=== ACTIVITY ===
From the entries below, count the lines with "Images". Write only the count.

=== EXTRACTED INFORMATION ===
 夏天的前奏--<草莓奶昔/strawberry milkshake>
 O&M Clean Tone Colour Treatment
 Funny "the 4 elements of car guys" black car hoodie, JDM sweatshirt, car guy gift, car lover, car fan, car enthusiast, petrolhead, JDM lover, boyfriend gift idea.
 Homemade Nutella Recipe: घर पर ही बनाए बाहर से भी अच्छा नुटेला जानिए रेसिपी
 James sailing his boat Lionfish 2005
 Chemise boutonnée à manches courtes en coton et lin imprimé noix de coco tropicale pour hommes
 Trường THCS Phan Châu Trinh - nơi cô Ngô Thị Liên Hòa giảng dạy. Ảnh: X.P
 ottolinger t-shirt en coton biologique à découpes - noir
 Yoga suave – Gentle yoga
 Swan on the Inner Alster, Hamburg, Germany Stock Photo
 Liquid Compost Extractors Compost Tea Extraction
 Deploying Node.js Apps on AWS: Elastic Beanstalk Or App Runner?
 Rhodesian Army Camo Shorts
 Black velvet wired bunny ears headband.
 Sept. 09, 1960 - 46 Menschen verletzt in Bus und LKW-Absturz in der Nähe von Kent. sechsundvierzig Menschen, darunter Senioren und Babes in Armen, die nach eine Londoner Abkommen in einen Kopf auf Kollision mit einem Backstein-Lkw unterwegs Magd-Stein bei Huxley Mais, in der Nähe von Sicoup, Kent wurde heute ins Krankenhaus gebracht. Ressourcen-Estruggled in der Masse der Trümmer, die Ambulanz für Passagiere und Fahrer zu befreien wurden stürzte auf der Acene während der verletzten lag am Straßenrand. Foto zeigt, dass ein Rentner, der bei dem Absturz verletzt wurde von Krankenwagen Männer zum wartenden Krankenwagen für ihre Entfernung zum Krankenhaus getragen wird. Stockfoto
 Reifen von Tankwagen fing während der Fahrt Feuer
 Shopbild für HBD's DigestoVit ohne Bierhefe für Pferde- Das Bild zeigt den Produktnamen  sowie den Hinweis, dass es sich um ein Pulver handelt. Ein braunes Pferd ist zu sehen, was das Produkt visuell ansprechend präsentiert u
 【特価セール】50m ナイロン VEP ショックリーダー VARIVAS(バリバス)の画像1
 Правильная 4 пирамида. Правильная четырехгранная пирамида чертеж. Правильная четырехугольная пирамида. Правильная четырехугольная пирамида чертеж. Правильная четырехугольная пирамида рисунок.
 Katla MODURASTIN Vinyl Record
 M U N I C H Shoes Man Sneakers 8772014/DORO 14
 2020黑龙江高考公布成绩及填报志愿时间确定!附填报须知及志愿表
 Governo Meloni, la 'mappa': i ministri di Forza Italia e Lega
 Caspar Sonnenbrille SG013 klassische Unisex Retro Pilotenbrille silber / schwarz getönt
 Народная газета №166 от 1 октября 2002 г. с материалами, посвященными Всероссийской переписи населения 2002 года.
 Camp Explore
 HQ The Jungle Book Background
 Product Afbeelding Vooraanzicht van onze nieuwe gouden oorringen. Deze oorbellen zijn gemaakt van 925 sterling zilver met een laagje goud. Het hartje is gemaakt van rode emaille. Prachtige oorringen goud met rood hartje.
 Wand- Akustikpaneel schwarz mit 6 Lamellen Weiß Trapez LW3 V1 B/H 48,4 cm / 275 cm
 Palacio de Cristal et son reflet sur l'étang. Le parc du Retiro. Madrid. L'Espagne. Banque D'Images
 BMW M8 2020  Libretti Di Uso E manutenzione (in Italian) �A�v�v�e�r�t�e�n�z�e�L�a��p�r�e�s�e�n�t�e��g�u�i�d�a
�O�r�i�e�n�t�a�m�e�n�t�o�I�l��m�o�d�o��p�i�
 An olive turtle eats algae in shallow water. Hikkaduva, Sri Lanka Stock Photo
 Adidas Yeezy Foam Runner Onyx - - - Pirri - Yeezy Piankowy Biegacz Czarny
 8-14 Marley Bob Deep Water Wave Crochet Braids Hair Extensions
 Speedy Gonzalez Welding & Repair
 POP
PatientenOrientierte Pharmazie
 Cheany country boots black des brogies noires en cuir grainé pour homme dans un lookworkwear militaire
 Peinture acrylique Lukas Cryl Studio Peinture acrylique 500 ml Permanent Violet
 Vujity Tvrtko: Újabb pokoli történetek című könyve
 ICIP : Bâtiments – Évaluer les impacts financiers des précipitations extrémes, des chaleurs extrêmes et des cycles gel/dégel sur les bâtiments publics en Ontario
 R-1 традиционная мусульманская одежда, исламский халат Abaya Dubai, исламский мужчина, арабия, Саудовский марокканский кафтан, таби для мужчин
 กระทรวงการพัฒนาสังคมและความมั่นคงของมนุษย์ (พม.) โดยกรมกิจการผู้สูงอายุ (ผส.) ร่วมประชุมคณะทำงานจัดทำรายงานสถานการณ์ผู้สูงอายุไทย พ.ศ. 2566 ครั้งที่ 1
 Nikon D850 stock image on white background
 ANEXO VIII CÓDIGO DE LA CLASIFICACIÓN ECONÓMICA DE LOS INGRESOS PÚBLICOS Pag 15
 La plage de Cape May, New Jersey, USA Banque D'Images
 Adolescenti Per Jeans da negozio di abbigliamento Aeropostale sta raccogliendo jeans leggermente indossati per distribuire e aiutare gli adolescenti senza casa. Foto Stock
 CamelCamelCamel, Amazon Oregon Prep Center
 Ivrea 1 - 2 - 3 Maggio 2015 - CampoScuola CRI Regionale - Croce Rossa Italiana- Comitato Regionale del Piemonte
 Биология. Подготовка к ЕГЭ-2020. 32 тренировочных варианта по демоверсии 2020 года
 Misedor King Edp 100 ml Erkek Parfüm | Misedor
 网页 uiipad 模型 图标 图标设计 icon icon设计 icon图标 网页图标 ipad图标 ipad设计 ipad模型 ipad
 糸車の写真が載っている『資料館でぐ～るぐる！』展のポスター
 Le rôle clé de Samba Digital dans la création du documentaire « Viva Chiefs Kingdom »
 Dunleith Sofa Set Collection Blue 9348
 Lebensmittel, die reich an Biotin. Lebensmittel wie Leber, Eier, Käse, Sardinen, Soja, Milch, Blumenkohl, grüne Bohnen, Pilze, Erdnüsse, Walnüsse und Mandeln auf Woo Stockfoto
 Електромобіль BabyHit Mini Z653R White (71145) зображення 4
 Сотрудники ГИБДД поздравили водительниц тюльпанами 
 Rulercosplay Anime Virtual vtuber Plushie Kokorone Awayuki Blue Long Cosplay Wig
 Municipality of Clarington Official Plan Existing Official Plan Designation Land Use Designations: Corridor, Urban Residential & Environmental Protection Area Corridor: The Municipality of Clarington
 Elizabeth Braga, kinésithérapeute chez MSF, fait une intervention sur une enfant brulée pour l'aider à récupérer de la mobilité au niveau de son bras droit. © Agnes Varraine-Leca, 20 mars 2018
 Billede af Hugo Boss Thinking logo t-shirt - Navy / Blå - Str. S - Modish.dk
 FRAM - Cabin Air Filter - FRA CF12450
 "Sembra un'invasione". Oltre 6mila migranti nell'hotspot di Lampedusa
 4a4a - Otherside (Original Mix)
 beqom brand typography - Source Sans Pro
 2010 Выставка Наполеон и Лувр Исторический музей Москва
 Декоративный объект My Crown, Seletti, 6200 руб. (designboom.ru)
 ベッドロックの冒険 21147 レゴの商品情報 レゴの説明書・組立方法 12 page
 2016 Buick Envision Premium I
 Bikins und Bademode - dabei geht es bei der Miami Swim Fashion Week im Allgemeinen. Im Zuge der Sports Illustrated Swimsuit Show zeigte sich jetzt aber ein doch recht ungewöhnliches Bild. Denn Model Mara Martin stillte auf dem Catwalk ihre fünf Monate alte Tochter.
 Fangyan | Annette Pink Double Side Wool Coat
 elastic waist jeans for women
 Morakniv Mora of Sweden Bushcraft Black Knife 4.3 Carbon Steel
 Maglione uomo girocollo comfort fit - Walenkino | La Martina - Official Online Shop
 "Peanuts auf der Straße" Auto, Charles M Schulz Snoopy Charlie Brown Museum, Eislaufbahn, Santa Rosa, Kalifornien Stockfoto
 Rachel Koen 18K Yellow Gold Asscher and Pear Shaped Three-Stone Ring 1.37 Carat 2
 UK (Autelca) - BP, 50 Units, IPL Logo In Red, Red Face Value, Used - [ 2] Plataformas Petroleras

=== YOUR SOLUTION ===
2